Minimal attachment killing (MAK): a versatile method for susceptibility testing of attached biofilm-positive and -negative Staphylococcus epidermidis

• Published in: Medical microbiology and immunology Vol. 191; no. 2; pp. 107 - 114
• Main Authors: KNOBLOCH, Johannes K.-M, VON OSTEN, Heimke, HORSTKOTTE, Matthias A, ROHDE, Holger, MACK, Dietrich
• Format: Journal Article
• Language: English
• Published: Berlin Springer 01.10.2002; Springer Nature B.V
• Subjects: Anti-Bacterial Agents - classification; Anti-Bacterial Agents - immunology; Antibiotics; Bacteria; Bacterial Adhesion; Bacteriological methods and techniques used in bacteriology; Bacteriology; Biofilms - drug effects; Biological and medical sciences; Drug Resistance, Microbial; Fundamental and applied biological sciences. Psychology; Infections; Microbial Sensitivity Tests - methods; Microbiology; Models, Biological; Mutation; Pathogens; Staphylococcus epidermidis - drug effects; Staphylococcus epidermidis - genetics; Staphylococcus epidermidis - physiology; Biofilm; Bacteria; Micrococcales; Micrococcaceae; Staphylococcus epidermidis; Drug susceptibility test
• ISSN: 0300-8584; 1432-1831
• DOI: 10.1007/s00430-002-0125-2

Due to its ability to attach to polymeric surfaces Staphylococcus epidermidis is a common pathogen in chronic, medical device-associated infections. Attached S. epidermidis displays reduced susceptibility against a variety of antimicrobial substances, and little correlation between standard susceptibility test results and clinical outcome of antibiotic treatment is observed. In this study we established a new, versatile, and easy method of antimicrobial susceptibility testing for attached Staphylococcus epidermidis, suitable for both biofilm-negative and biofilm-positive attached bacteria using readily available equipment. For three biofilm-positive wild-type strains and their biofilm-negative mutants minimal attachment killing concentrations (MAK) of penicillin, oxacillin, vancomycin, and gentamicin were determined. Depending on strain and investigated antibiotics, a heterogeneous MAK (MAK(hetero)) could be differentiated from a homogeneous resistance (MAK(homo)), favoring a model of few persisters within attached cells under antibiotic treatment.
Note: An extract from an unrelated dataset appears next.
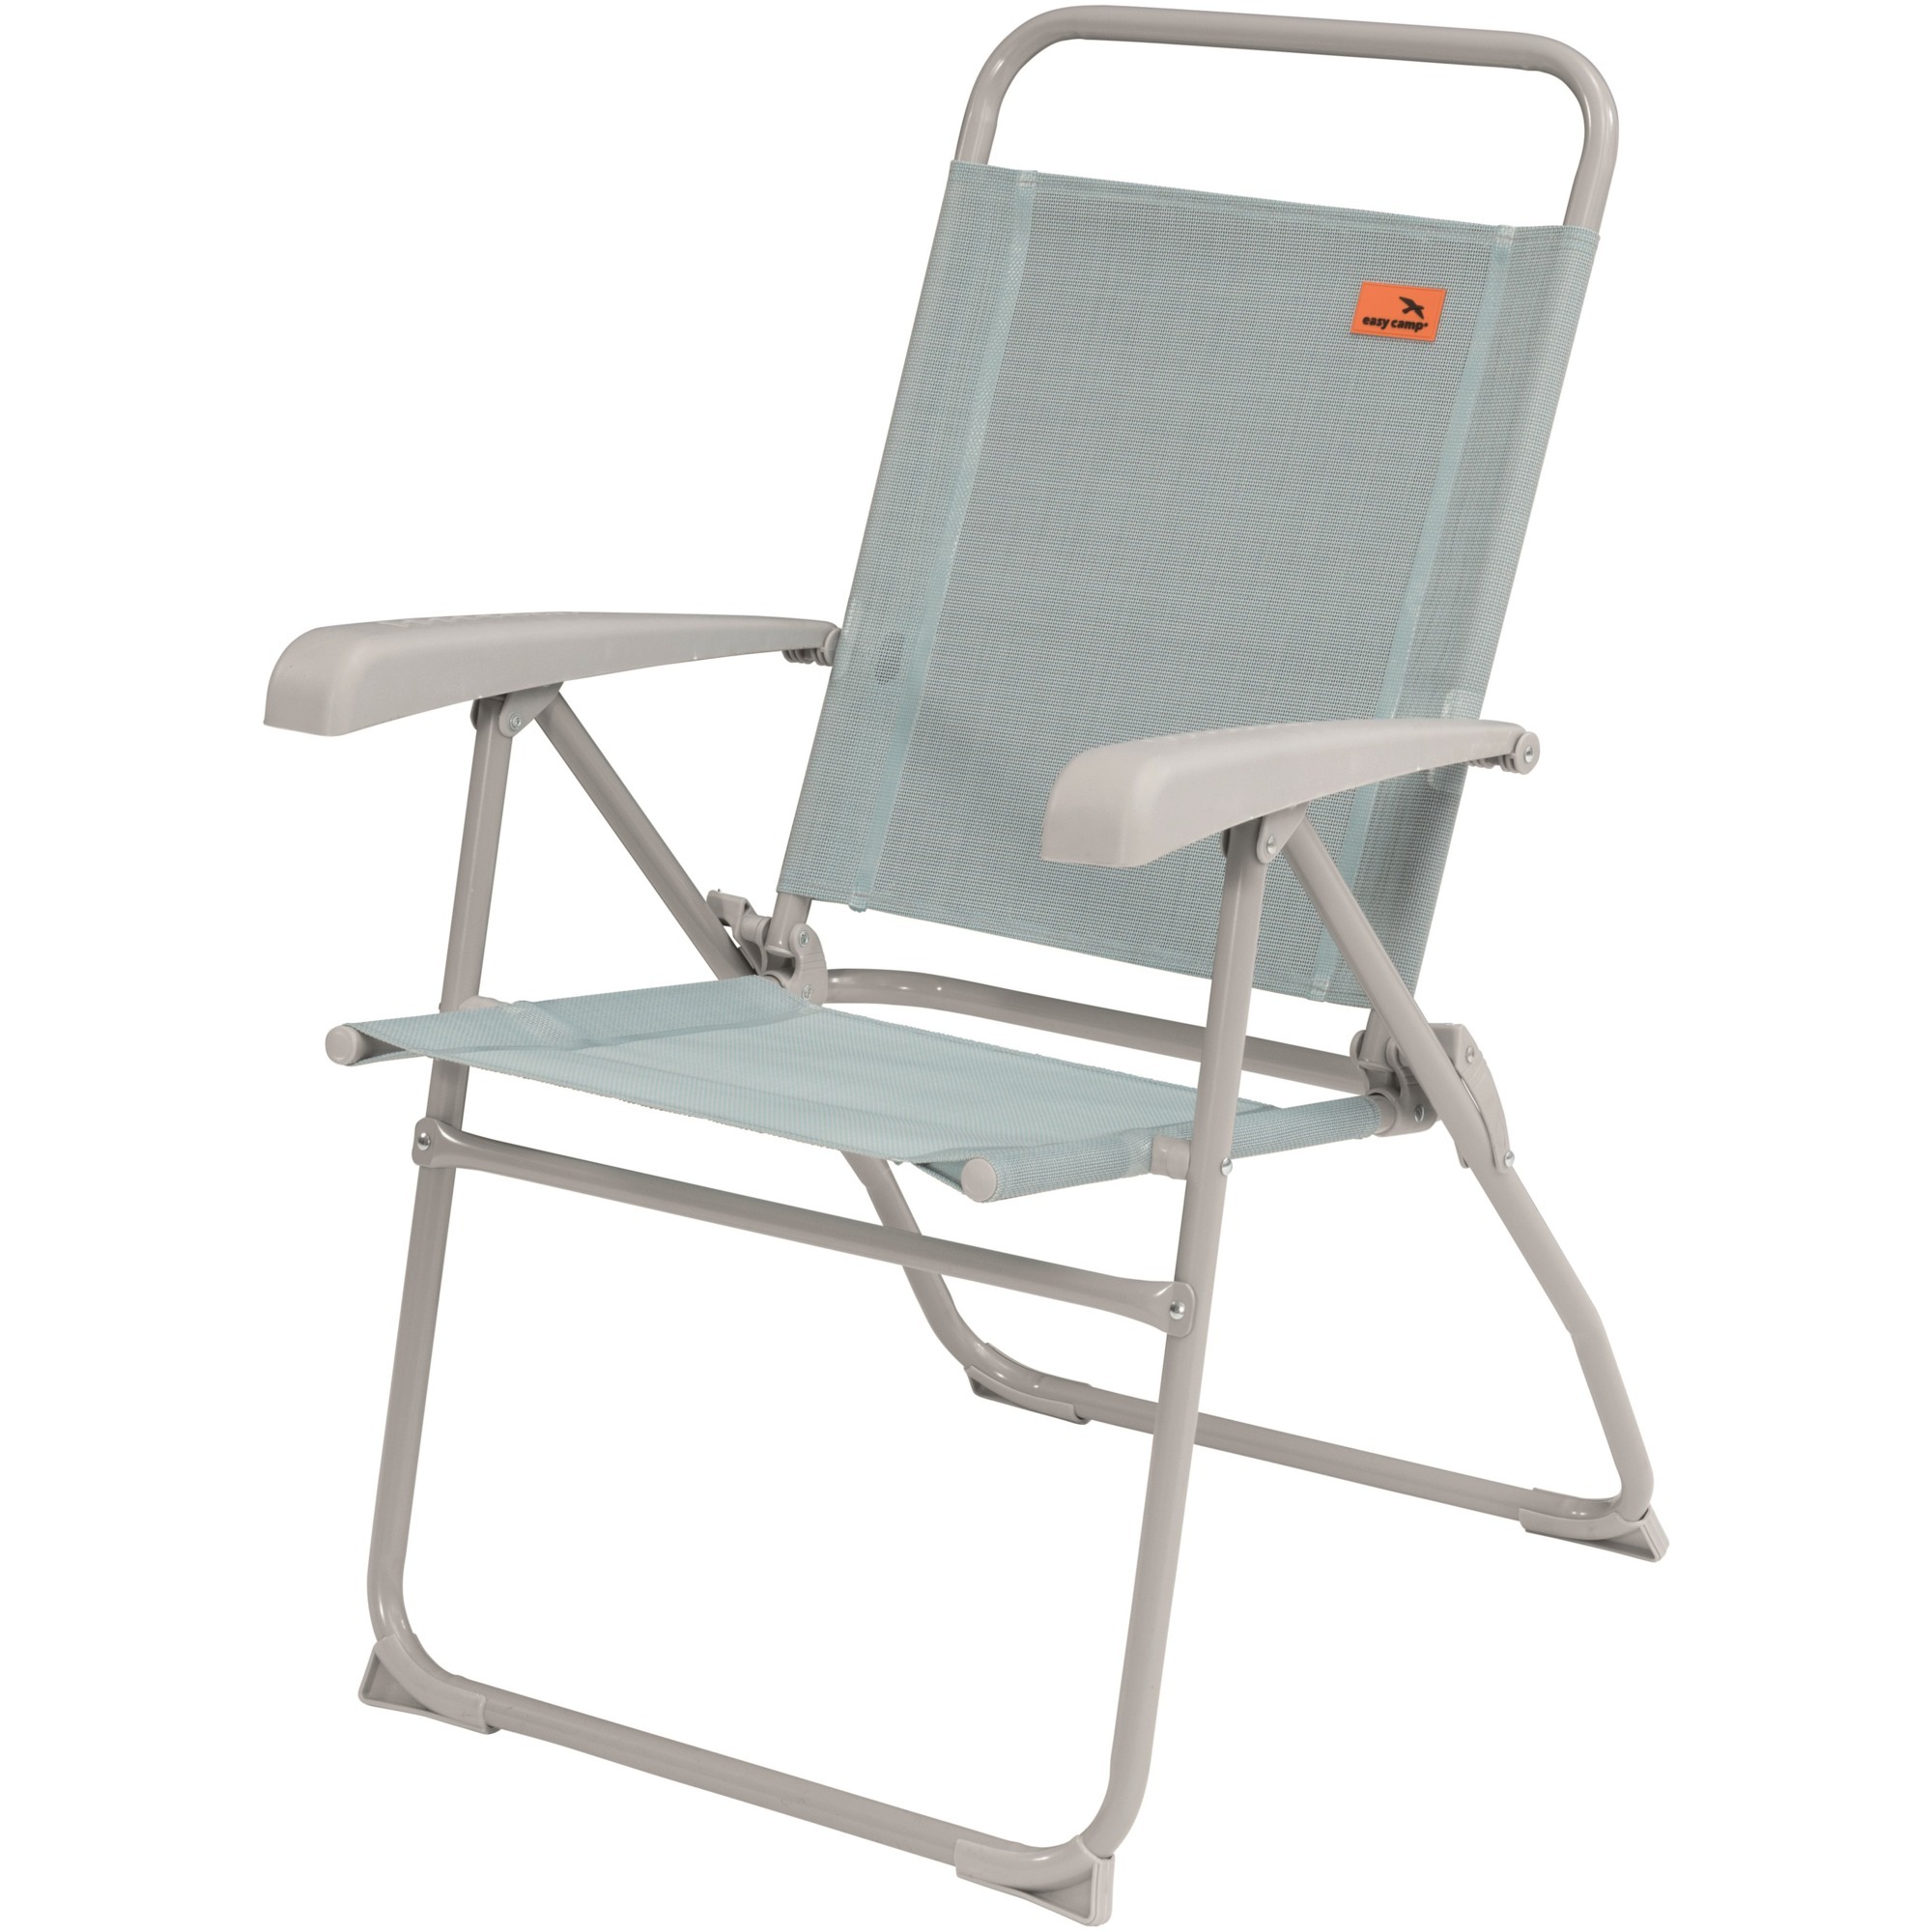 Image of Alternate - Spica Aqua Blue 420055, Camping-Stuhl online einkaufen bei Alternate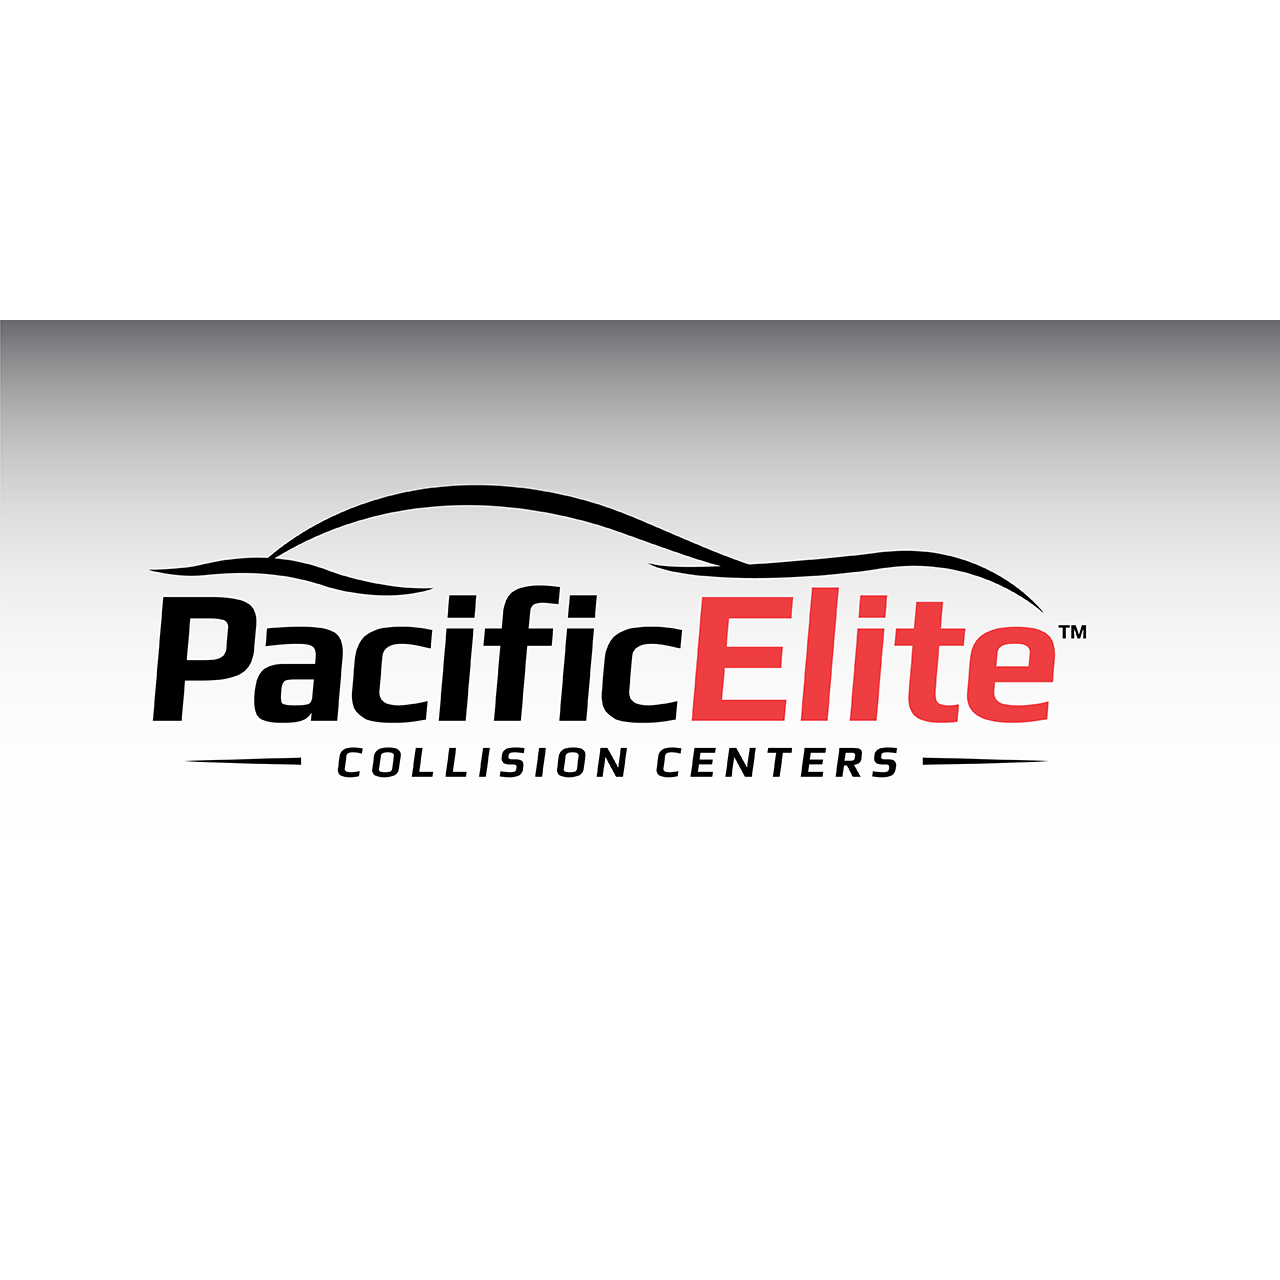 Pacific Elite Collision Centers - Fullerton East Logo

For the biofilm-negative mutants, a lower MAK(homo) was detected than for the corresponding wild types for some of the tested antibiotics, which probably resulted from higher bacterial inocula of wild-type strains, whereas the MAK(hetero) were comparable for mutants and wild types for most of the tested antibiotics and strains. These data indicate that biofilm formation is not a necessary prerequisite for persistence of attached S. epidermidis cells under antibiotic treatment, which could explain therapeutic failure in foreign body-associated infections due to biofilm-negative S. epidermidis isolates. The highly individual resistance phenotypes of the investigated strains with different antibiotics suggests that MAK determination could help to predict the therapeutic outcome of foreign body-associated infections with both biofilm-positive and biofilm-negative S. epidermidis.